Thursday, October 10, 2013

More from World CP Day

C. last weekend
There's a wealth of relevant information circulating this week thanks to World CP Day (my October 6 post about that is here)

For instance, I was unaware how under-financed CP research is. A blog post enlightened me:
"...the National Institutes of Health devoted up to four times more funding for research and surveillance of muscular dystrophy, multiple sclerosis and Parkinson's, conditions that affect half as many people as those with CP." 
And while I knew I'm far from a trailblazer, I was surprised  to discover how huge a community there is of blogger-parents of children with disabilities. One that I hadn't heard of, Shasta, who blogs at this site, aptly pointed out that we parents, drowning in the financial and emotional demands of our children, are in no position to campaign for more research. Which would account for the dismal situation.

But some of the testimonies posted to mark this Day highlighted what a marginal minority our children are. It was painful, for instance, to read the "woes" of helping a child with CP do his homework, or watching her fall down and pick herself  up frequently, or worrying about a child who runs away from school.

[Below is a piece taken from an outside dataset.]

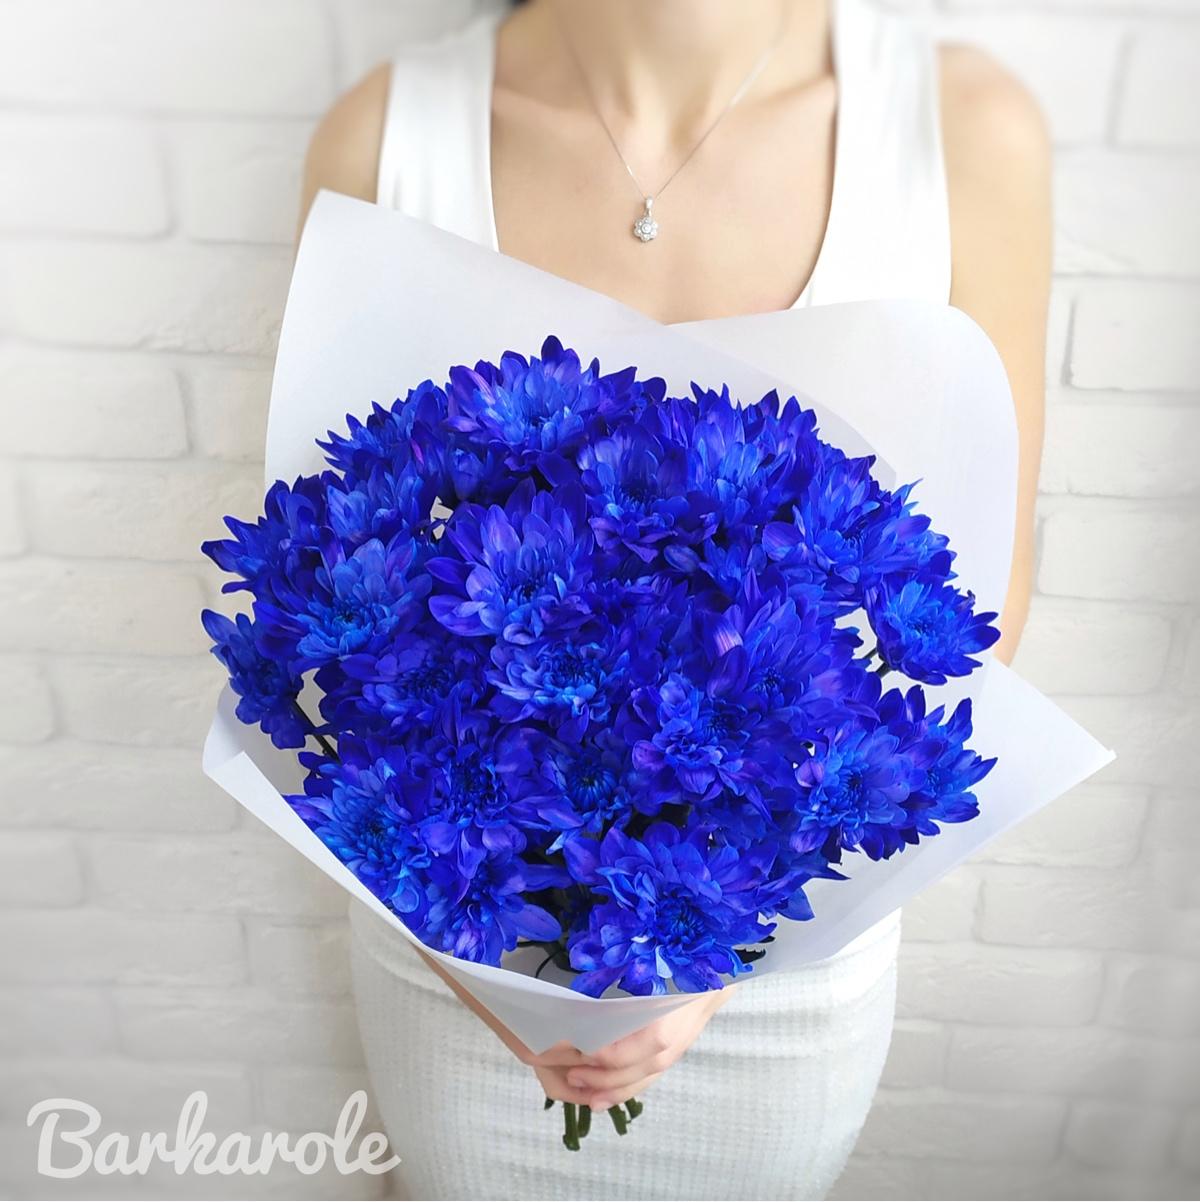 большой букет синие хризантемы фото этом увлечение сферой

I just thought: "If only!"

My CP-blog meanderings led to a post that particularly resonated with me. It deals with that frequently asked question "What do you do?" Prima facie, a perfectly benign question, right? Wrong.

Blogger Donna Thomson, a mother of a 23 year old son with severe CP+, explains how hurtful that question can be. I know I dread it. It never fails to throw me into apologetic mode. I rush to explain that I care for C. at home, cite her age and rattle off her list of disabilities. Desperate to convince the asker that while I don't work, I'm no lazy couch potato.

Usually I sense I've failed.

What deepens the frustration is that I am also frequently asked "Why do you keep C. at home?"

The implication is that keeping her at home is irrational, incomprehensible. And certainly no excuse for not working.

Needless to say, like other parents of children with profound disabilities there are no impressive achievements by C to showcase and to prove to the world that I am actually doing a worthwhile job.
Or to prove it to myself.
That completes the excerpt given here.